Return the data exactly, with all pictures removed.

Information supplied |
::::::::

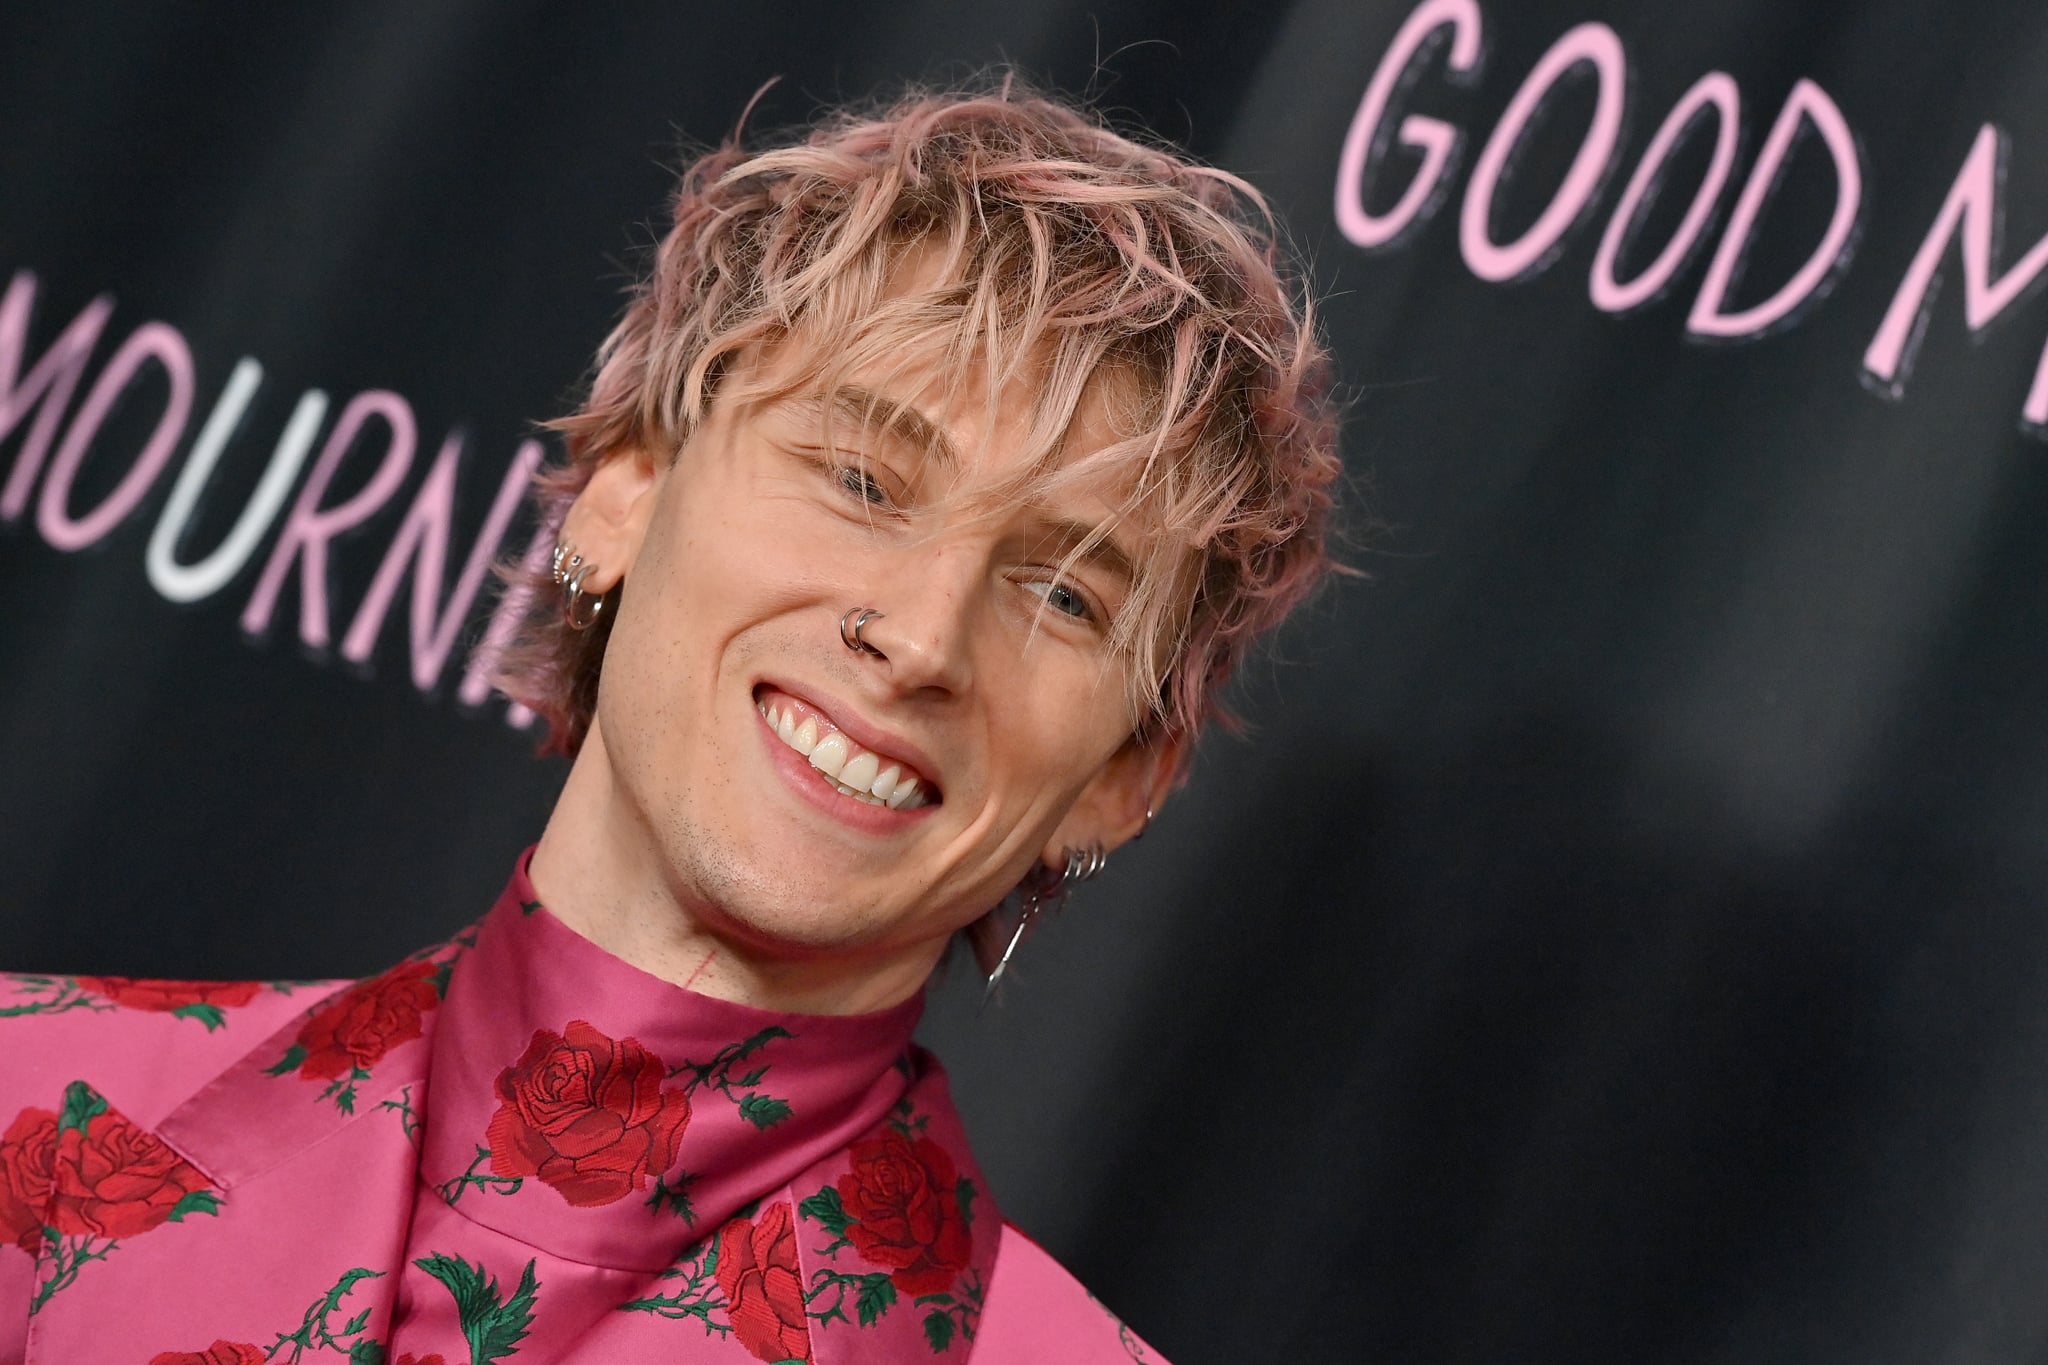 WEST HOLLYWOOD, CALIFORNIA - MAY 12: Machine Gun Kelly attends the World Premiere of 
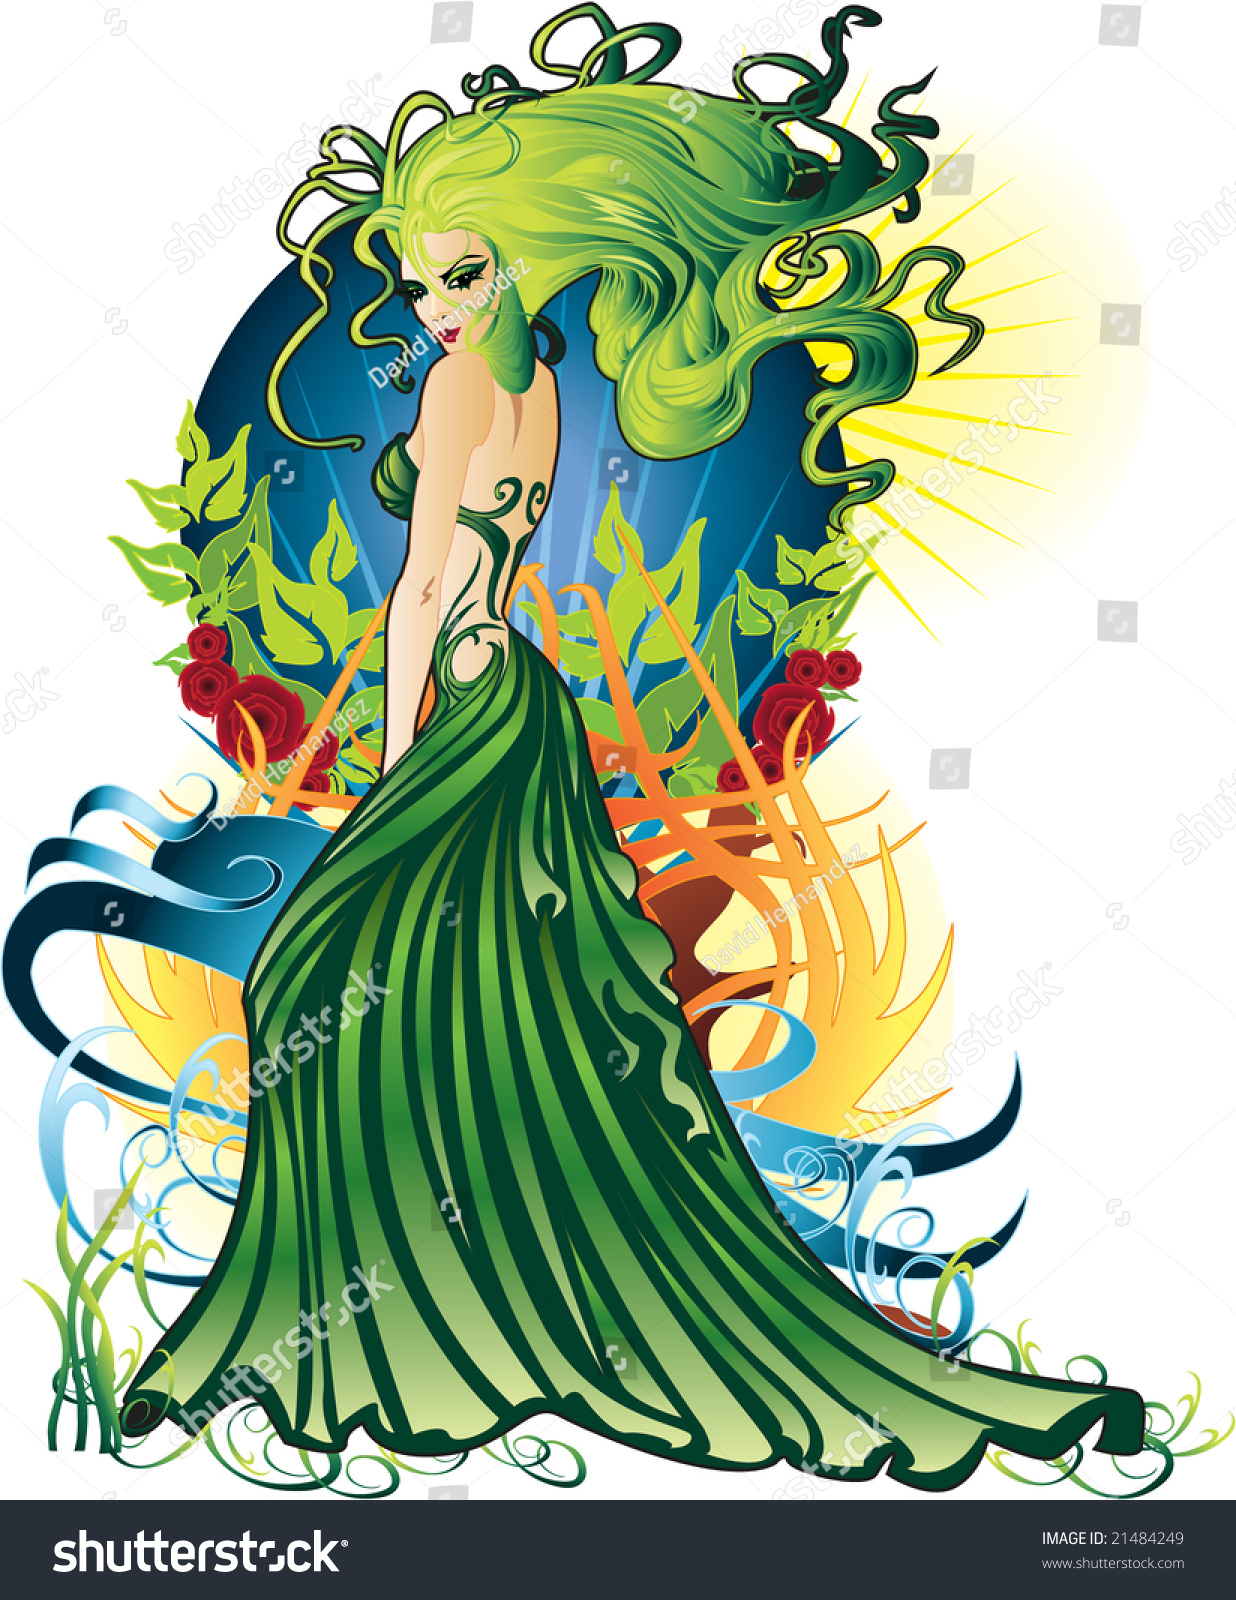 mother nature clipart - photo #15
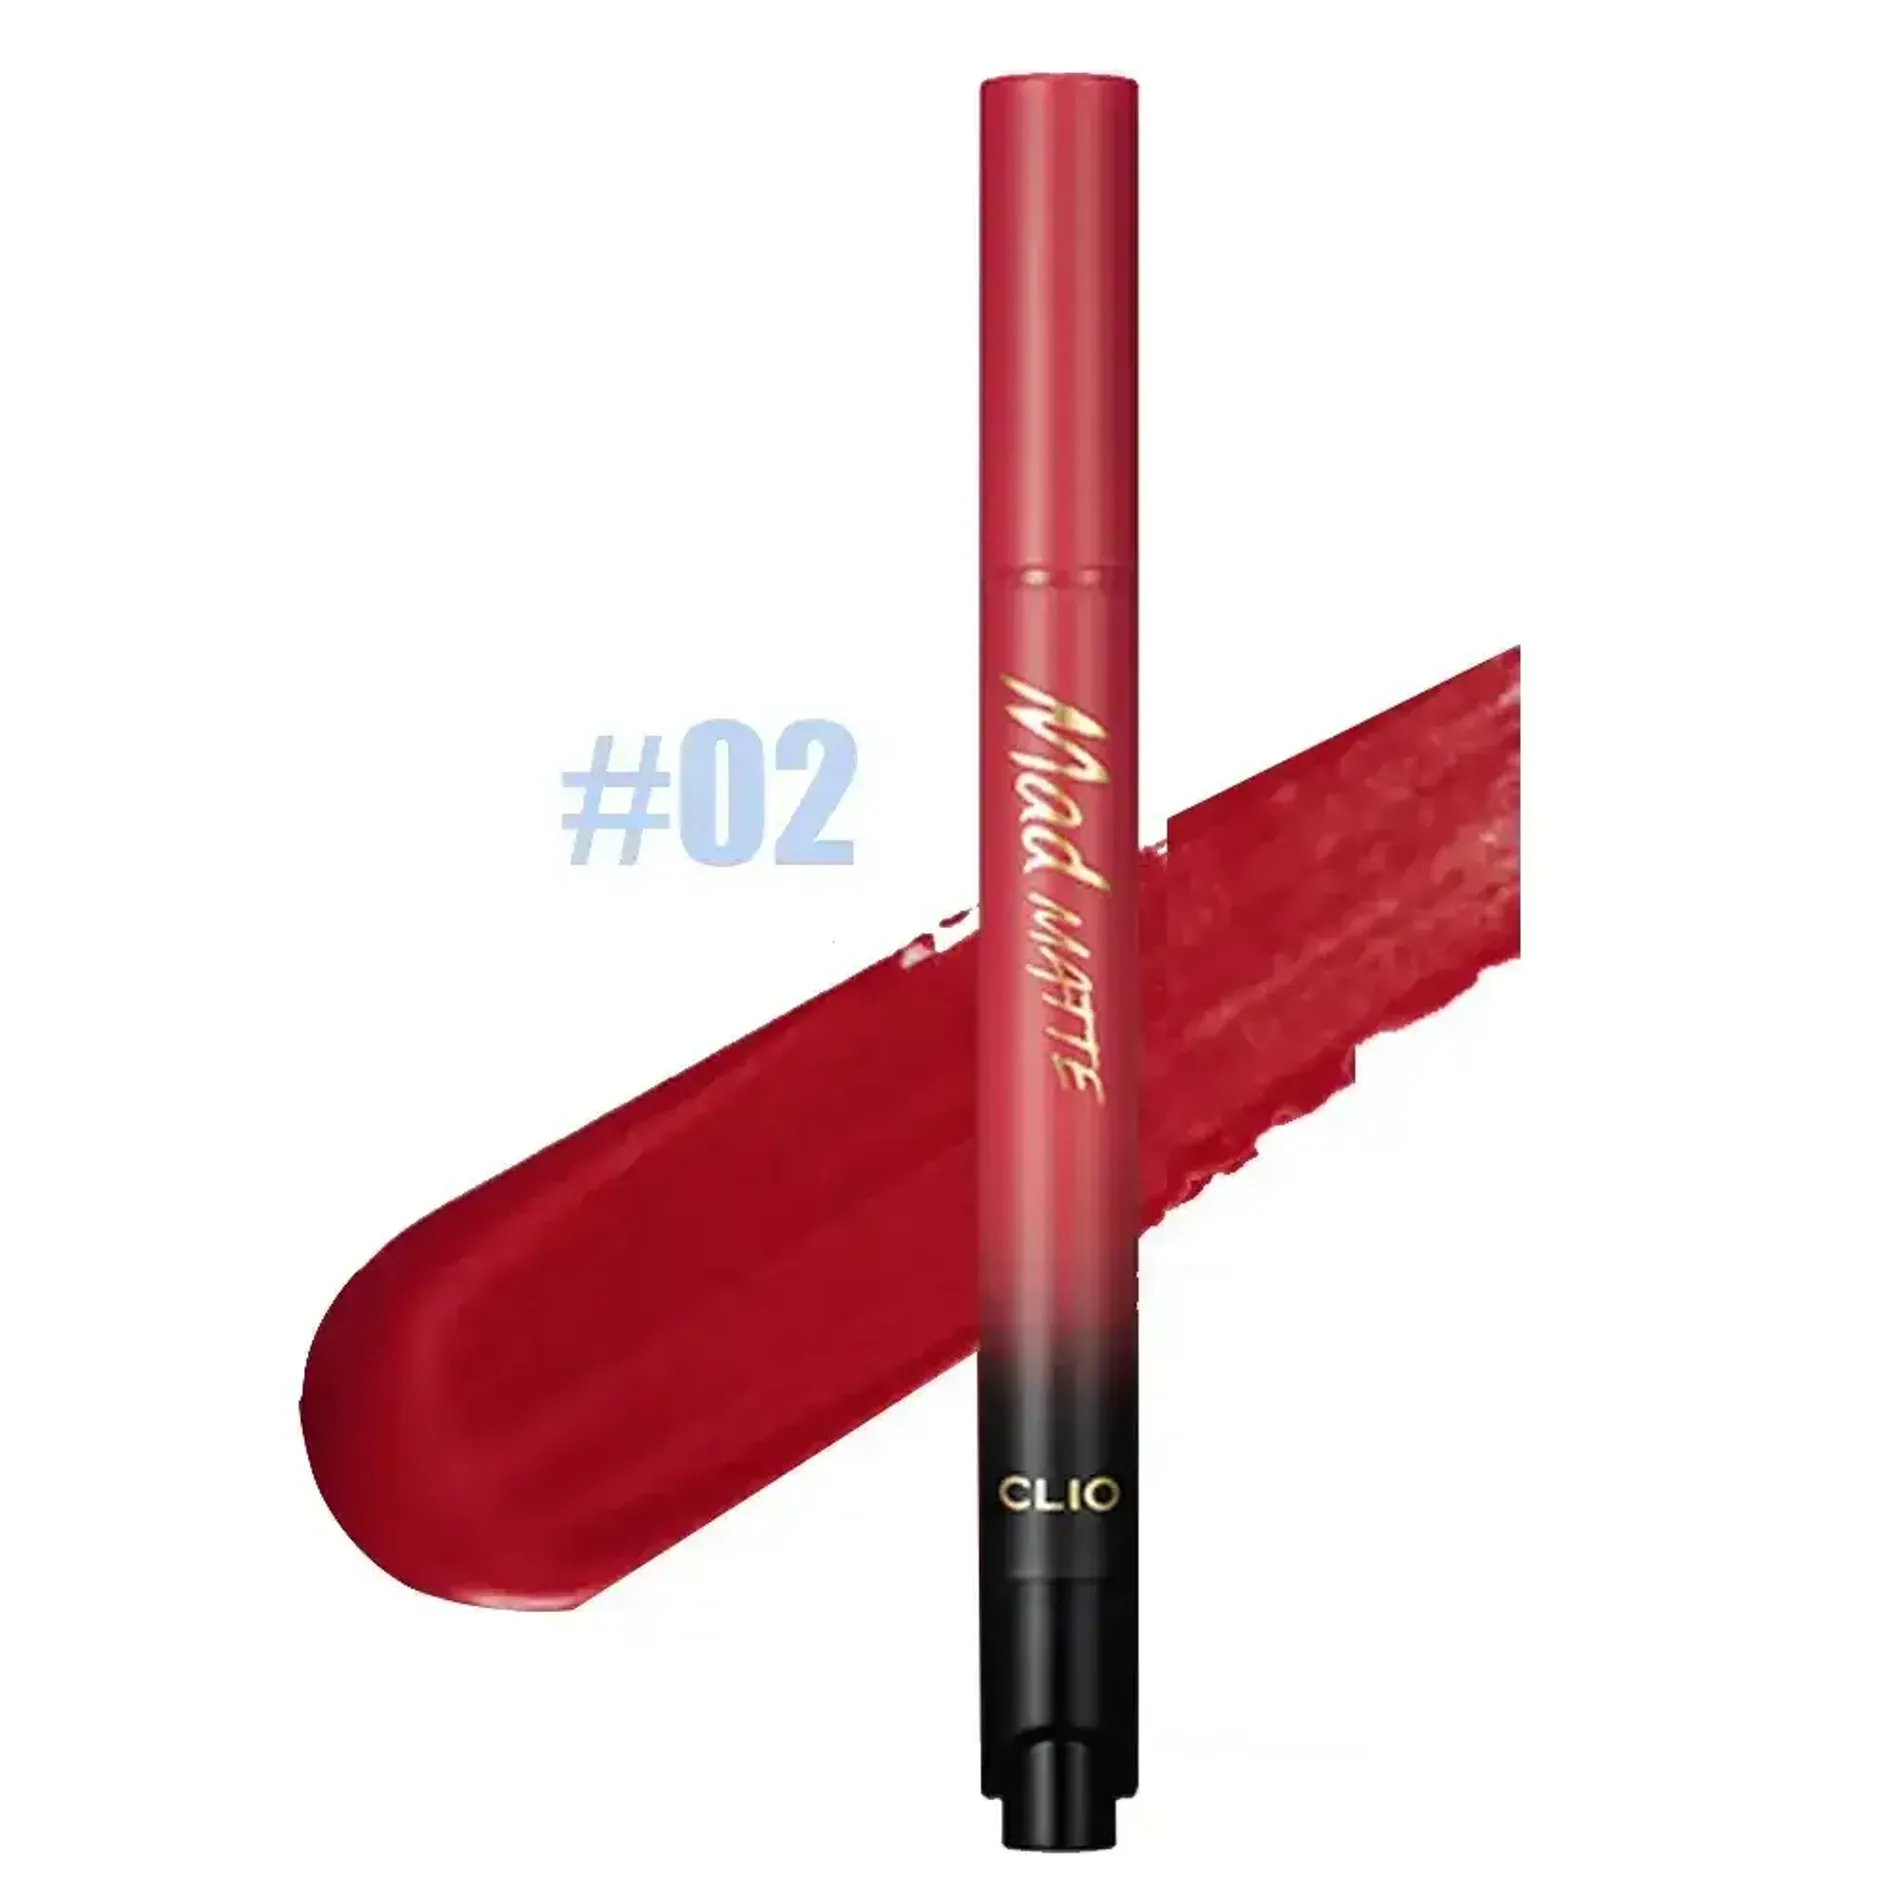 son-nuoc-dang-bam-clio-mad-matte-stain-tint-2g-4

::::::::

Output for this task |
 WEST HOLLYWOOD, CALIFORNIA - MAY 12: Machine Gun Kelly attends the World Premiere of 
 mother nature clipart - photo #15
 son-nuoc-dang-bam-clio-mad-matte-stain-tint-2g-4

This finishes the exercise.